▶ [DATA SECTION]:
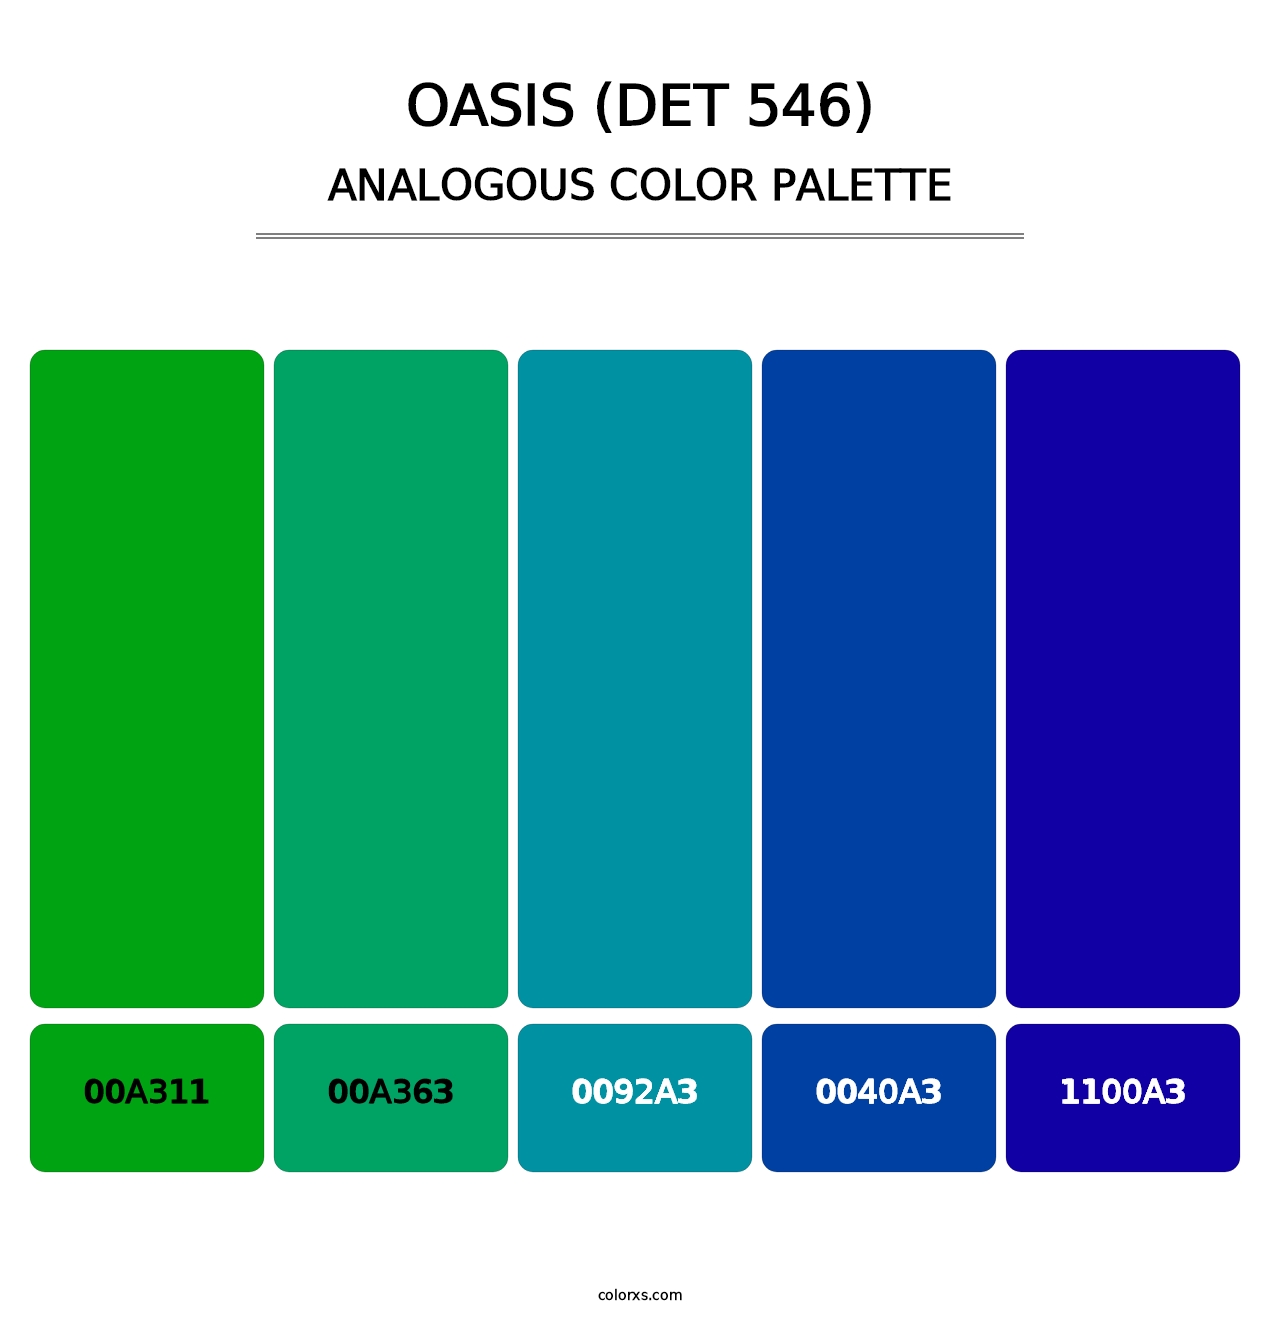 Oasis (DET 546) - Analogous Color Palette
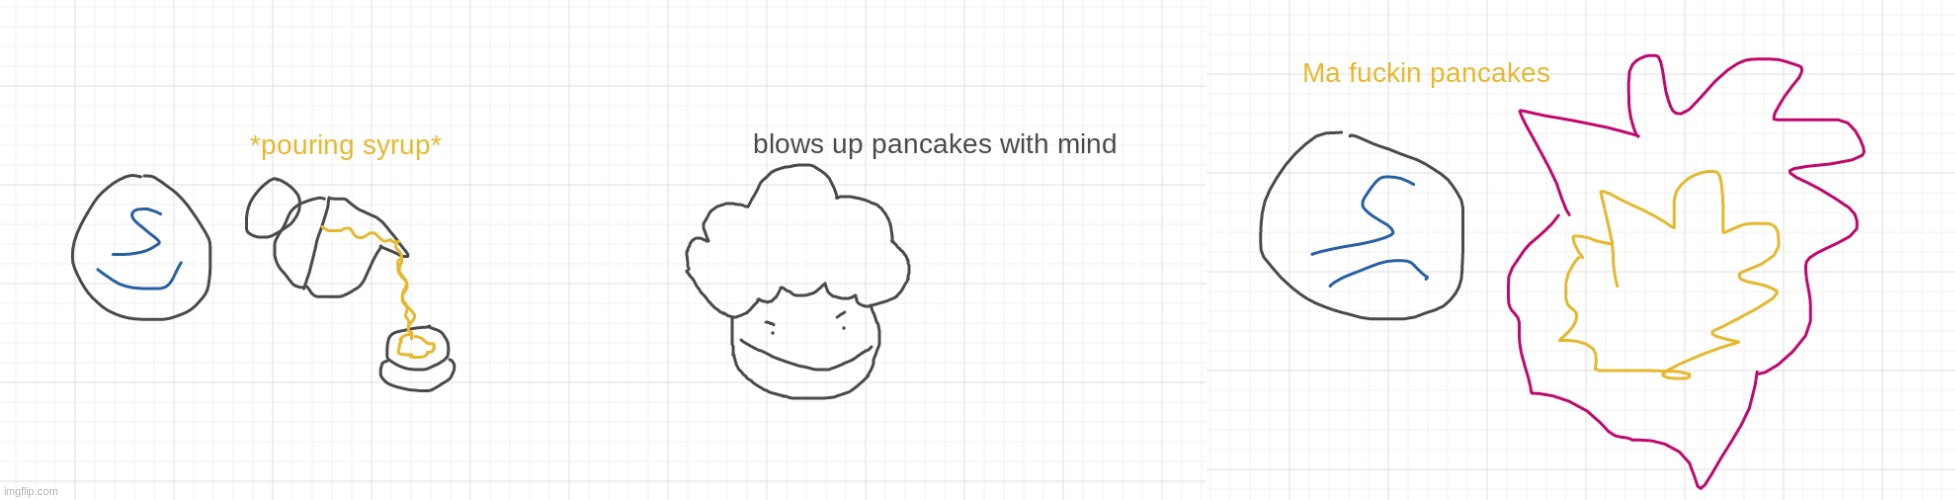 bush-head blows up shady's pancakes | image tagged in bush-head blows up shady's pancakes | made w/ Imgflip meme maker
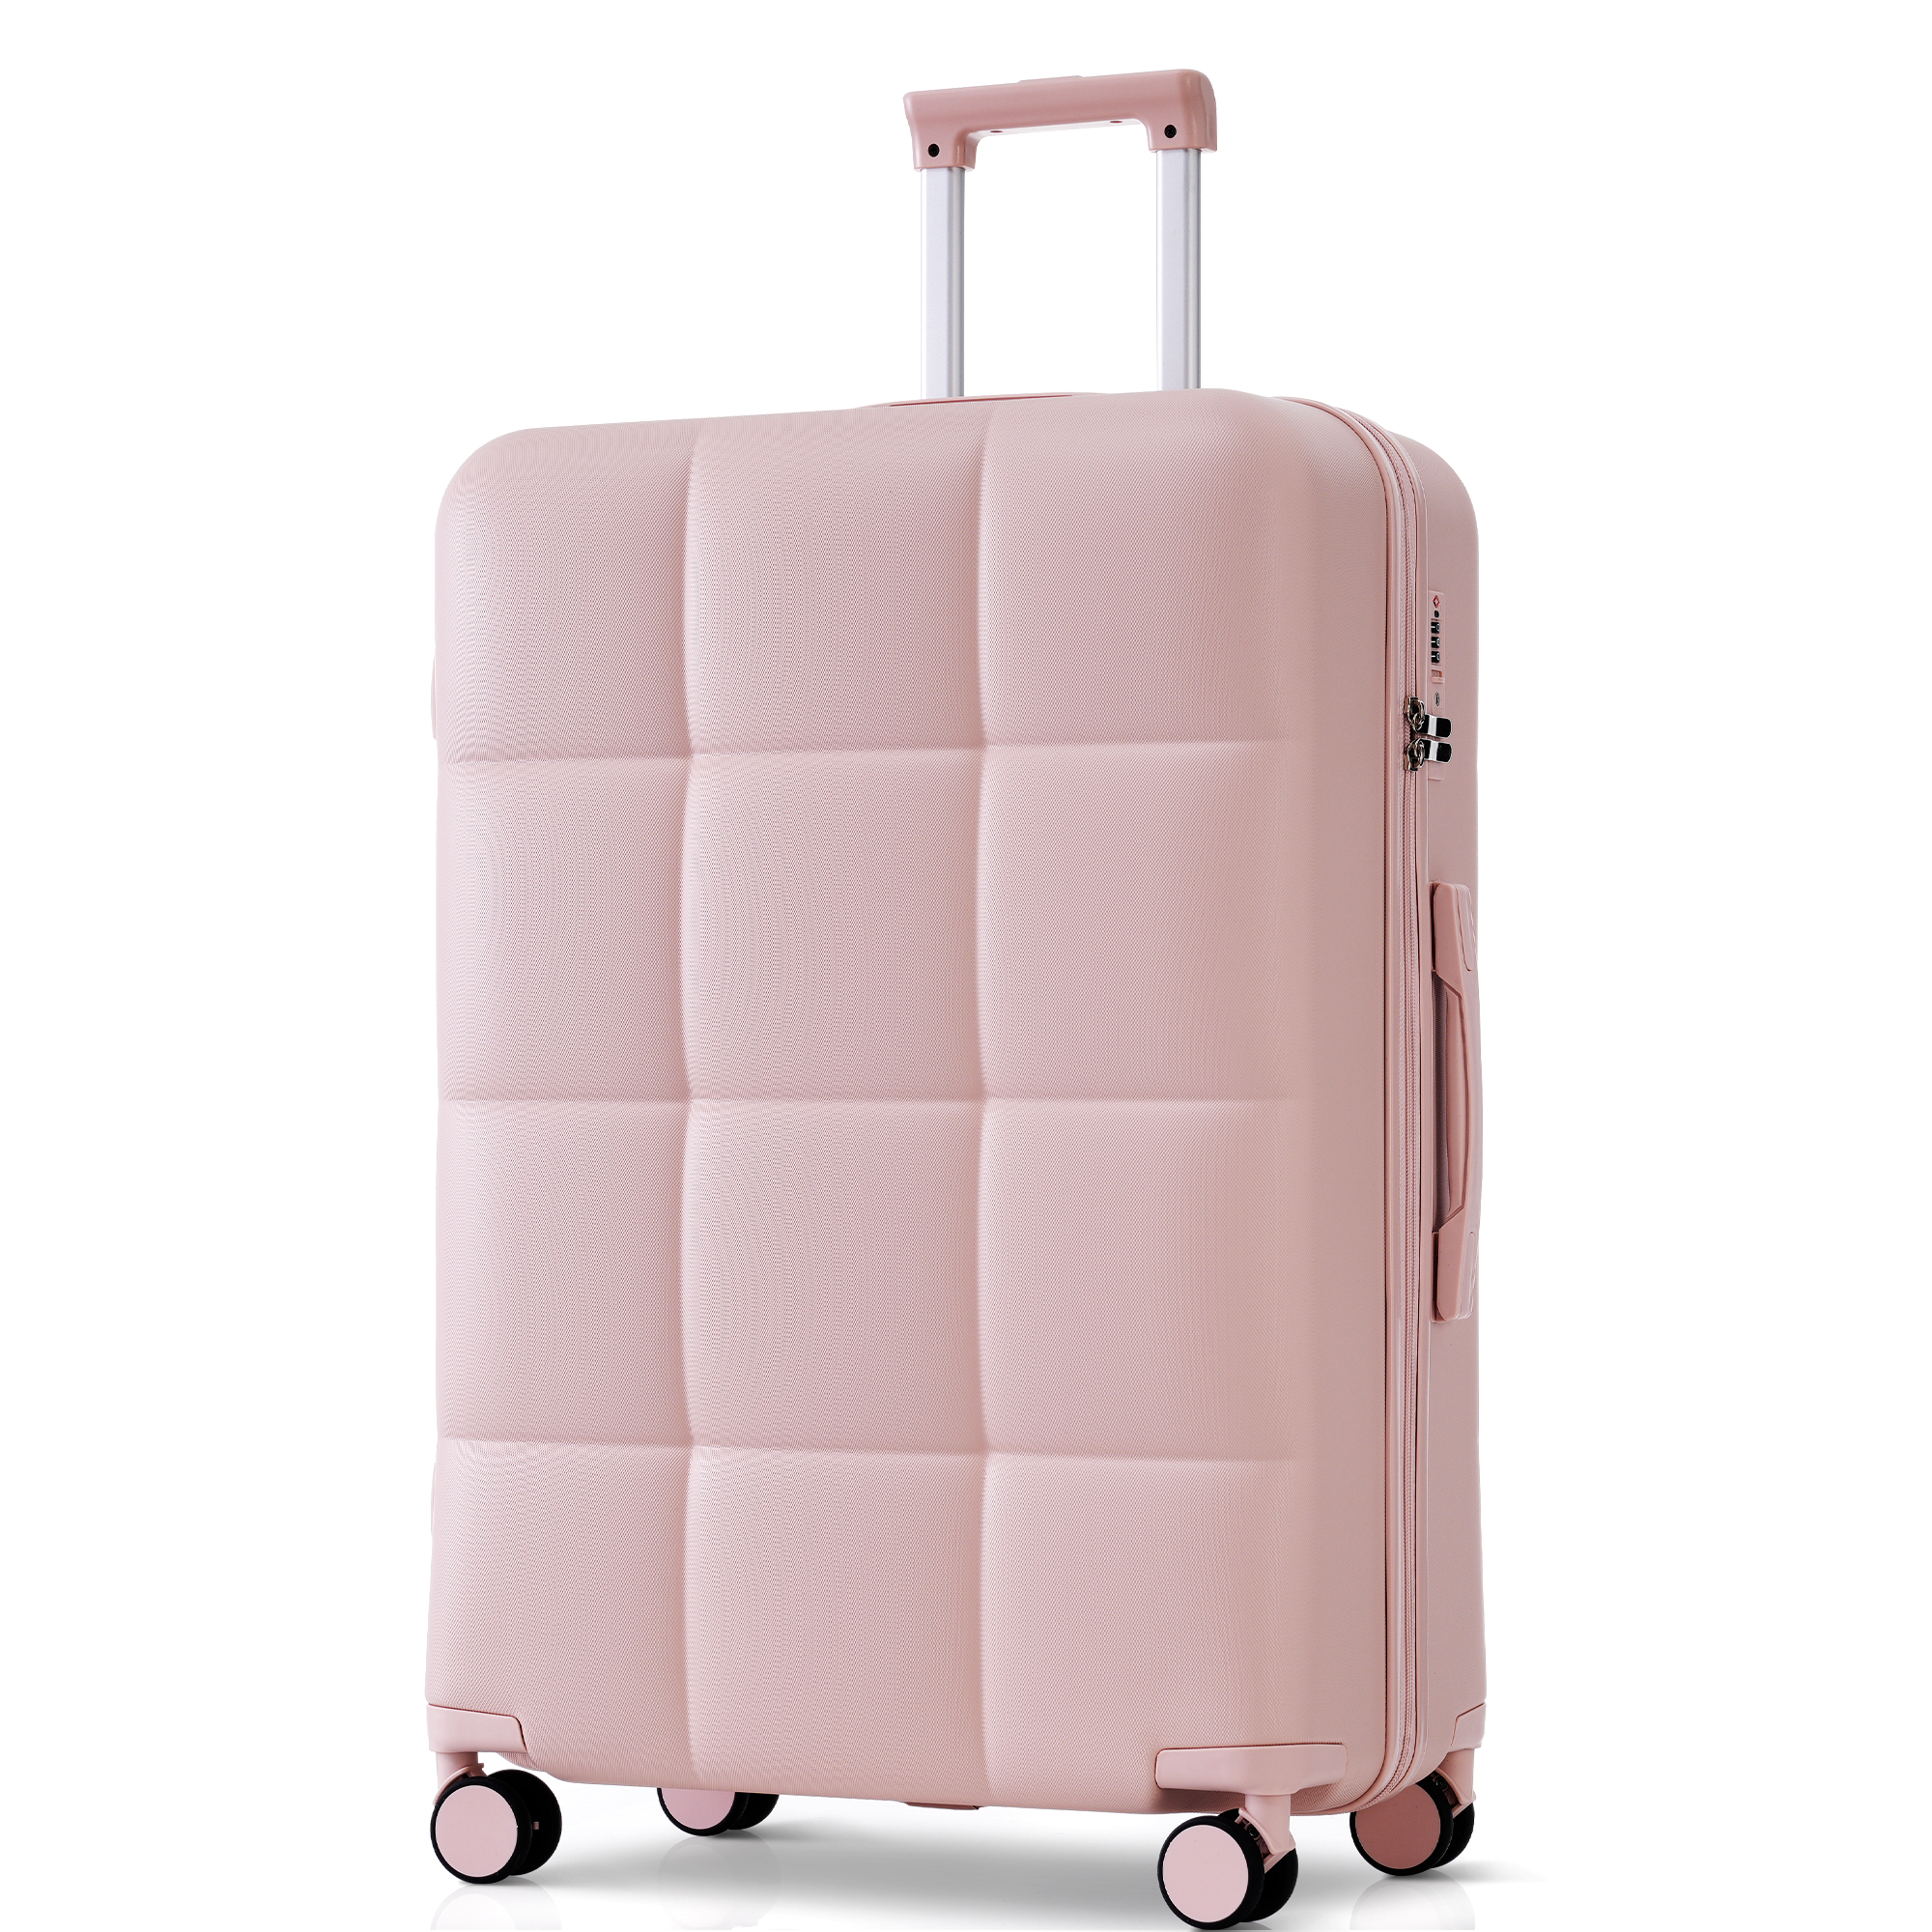 予約販売 スーツケース キャリーバッグ キャリーケース Mサイズ 中型 超軽量 ファスナー式 TSA...
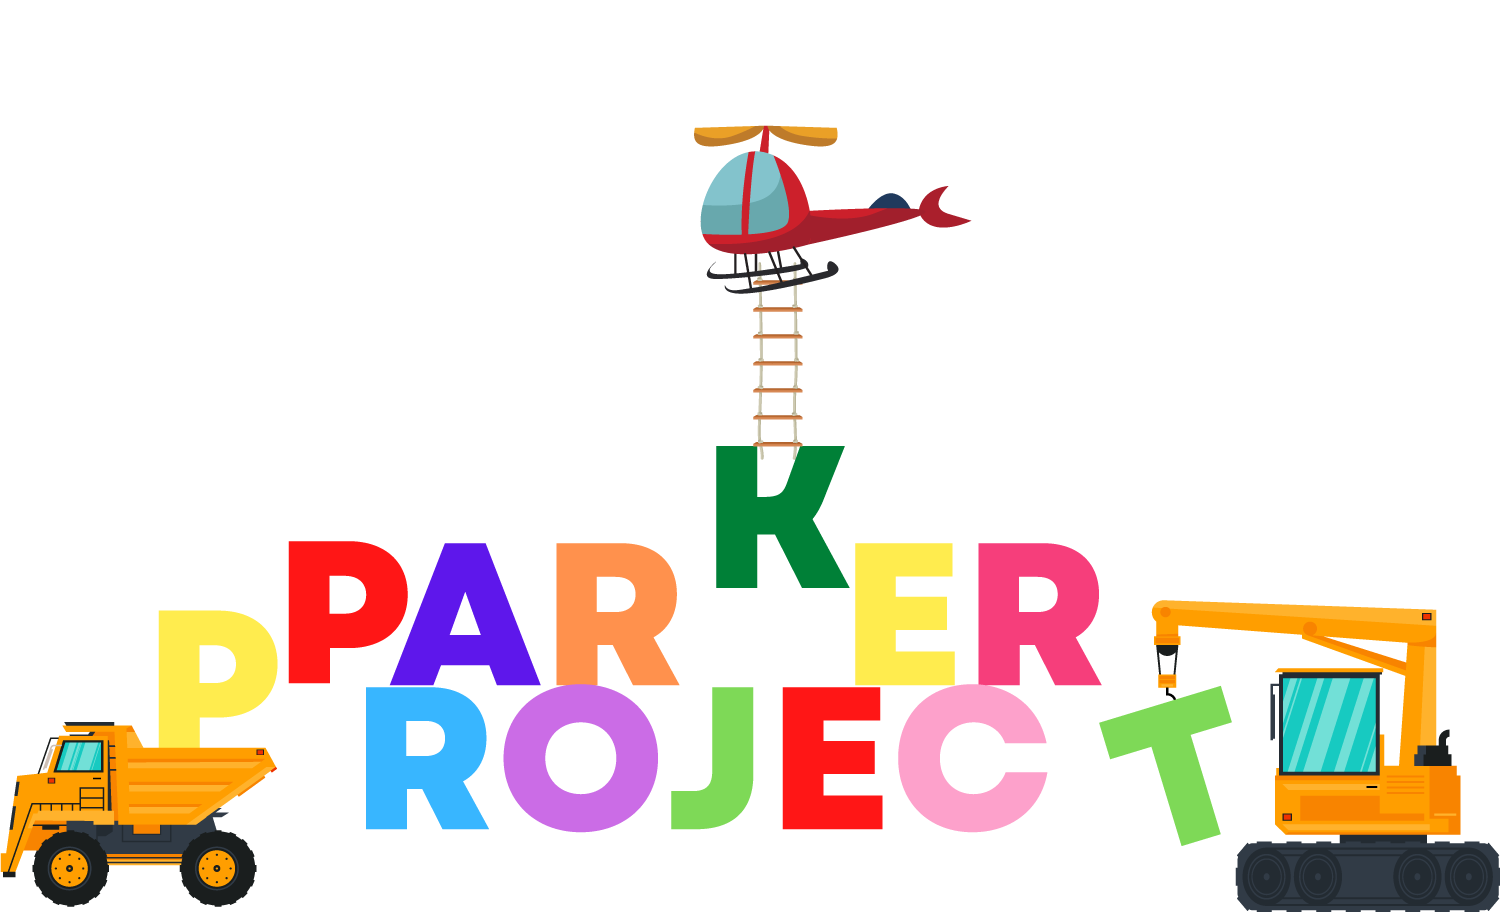 Parker Project, Inc

▶ [INSTRUCTIONS TO FOLLOW]: Take the data above and set it down exactly, images excluded.

▶ [REPLY TO THE TASK]:
 Oasis (DET 546) - Analogous Color Palette
 bush-head blows up shady's pancakes | image tagged in bush-head blows up shady's pancakes | made w/ Imgflip meme maker
 予約販売 スーツケース キャリーバッグ キャリーケース Mサイズ 中型 超軽量 ファスナー式 TSA...
 Parker Project, Inc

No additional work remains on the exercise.